Non-profits have been large players in the sector as well, because they can take advantage of tax-exempt financing.

Notably, the New York Public Library bought eight commercial condos at 445 Fifth Avenue for $34.5 million in 2014. The library sold two of its floors in the building in 2019 for over $21 million, and used the money to fund an expansion of its main branch, according to a NYPL spokesperson. Last year, the library sold the remaining six condos it owned for $38 million, a substantial profit for the organization.

Rudder is now pitching condo conversions to landlords with vacant space. Over the next 12 months, he said he expects to submit three to four plans to the Attorney General’s office.

He’s currently working with Aron Rosenberg of R&B Realty Group to convert a 16-story, 87,000-square-foot office property at 32 West 39th Street to commercial condo.

The Midtown South building was hit with a foreclosure suit last year by Maverick Real Estate Partners which has since been resolved, but a number of tenants did not renew their leases.

The property sits near Amazon’s new Fifth Avenue headquarters, the former Lord & Taylor building. Rosenberg is betting that other smaller firms will be interested in buying as the broader office market improves.
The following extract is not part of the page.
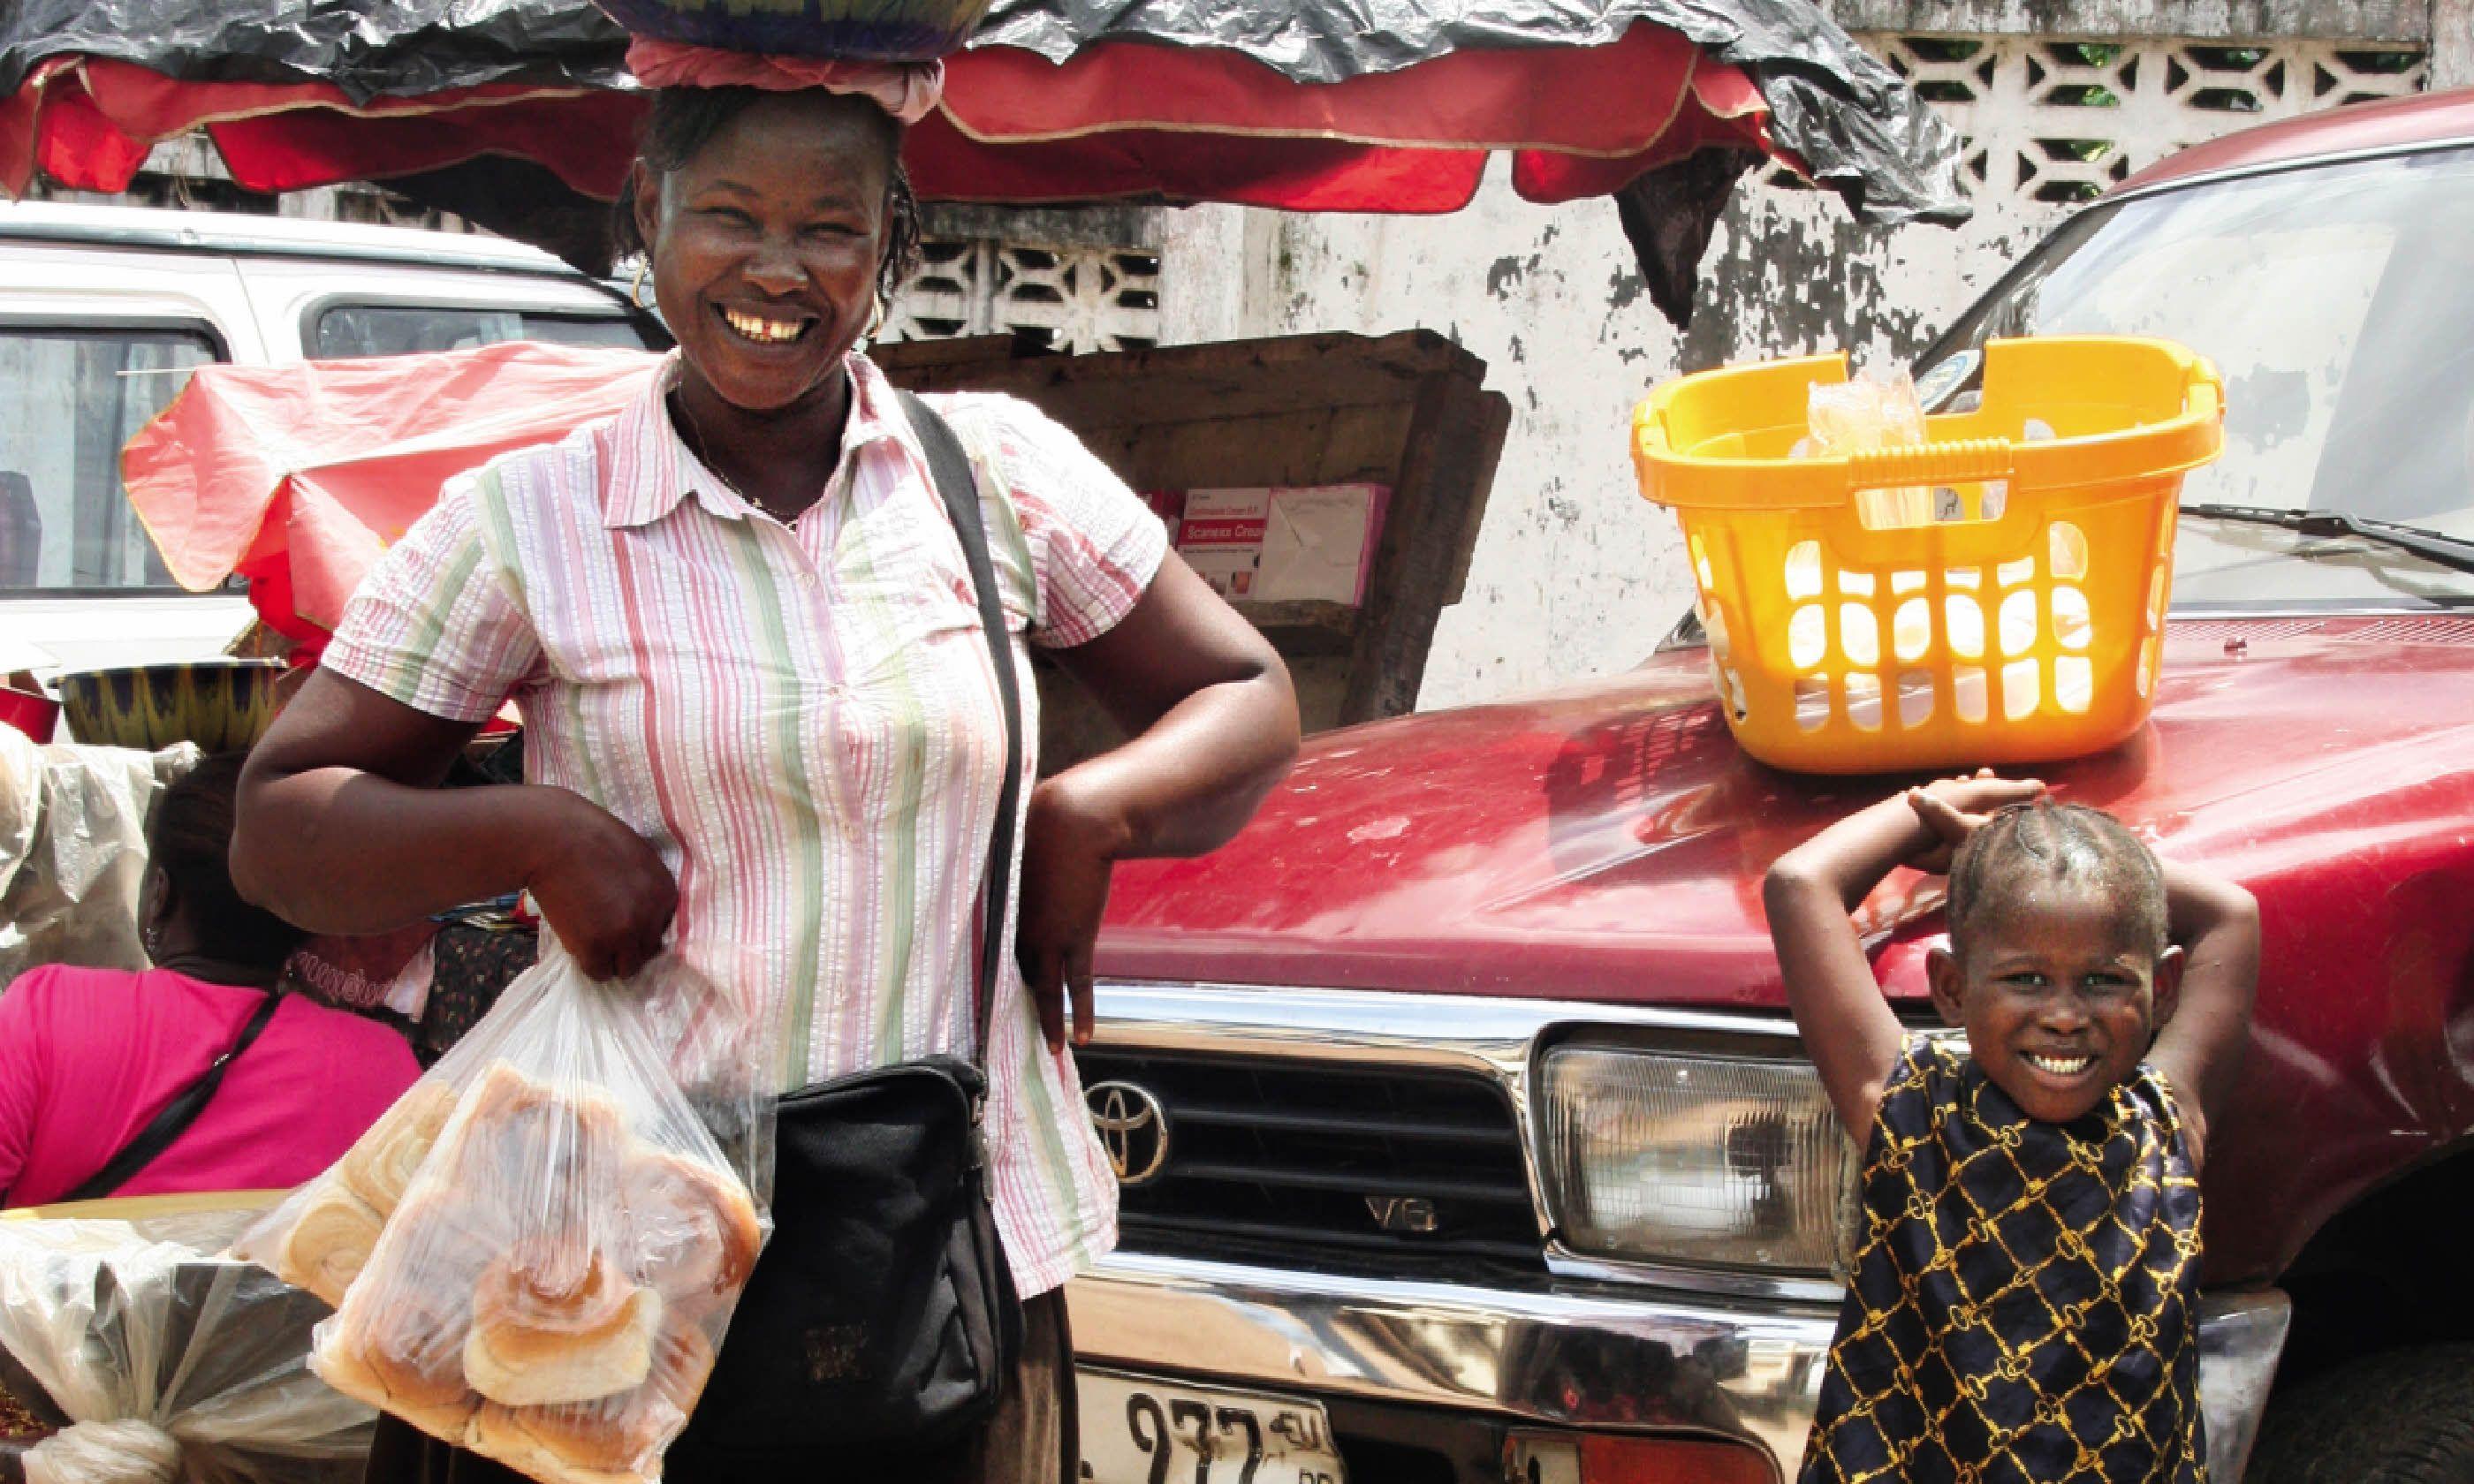 The spirit of enterprise is getting back on its feet in Freetown (Nick Redmayne)
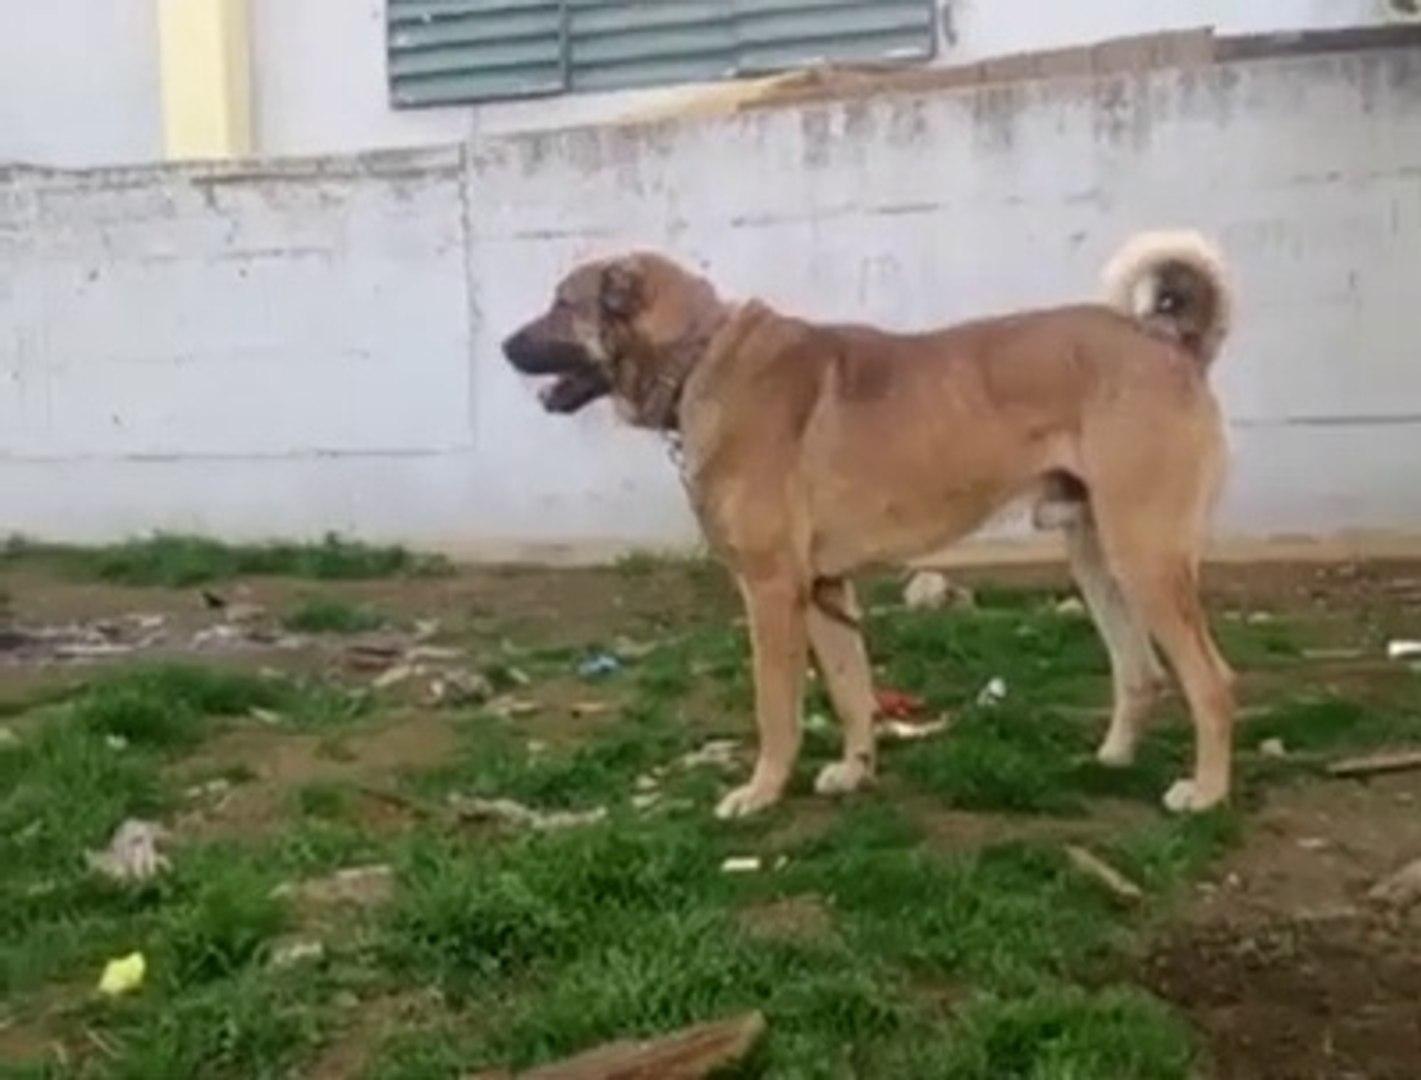 FULL SiMiT KUYRUK ANADOLU COBAN KOPEGi - ANATOLiAN SHEPHERD DOG

“I have always been intrigued in the concept,” said Rosenberg. “There is a significant market for entrepreneurs who look at it the same way: Why pay rent when you can own your own space?”

Office woes

The biggest issue with office condos is perhaps that it still requires a need for office space.

While the widespread distress that many predicted has yet to occur, a number of companies have opted for hybrid or remote work on an indefinite or even permanent basis. Only about 37 percent of New York-area workers went into the office in late March, according to Kastle Systems, which tracks card-swipe data.

Given the broader uncertainty, few investors are willing to pull the trigger on office buys, unless it’s for top-of-the-line property such as One Manhattan West, where Blackstone bought a 49 percent stake last month at a nearly $3 billion valuation.

Average asking rents for Manhattan office space fell 0.6 percent to $68.65 per square foot in the first quarter, marking eight consecutive quarterly declines, according to Transwestern, a commercial property firm.

“The lower quality office market is looking very similar to regional malls, there is a fundamental shift in how we work,” said Polpo Capital’s McNamara.

Some developers are even considering converting their spaces to residential use. Late last year, Vanbarton Group started pitching its glass-and-steel 1970’s era office building at 160 Water Street in the Financial District as a potential residential conversion.

Of course, Rudder sees some of this distress as an opportunity.

“We are seeing major vacancies in buildings where there are no tenants in sight to lease it up, so they hire us to convert to condos and sell it,” he said.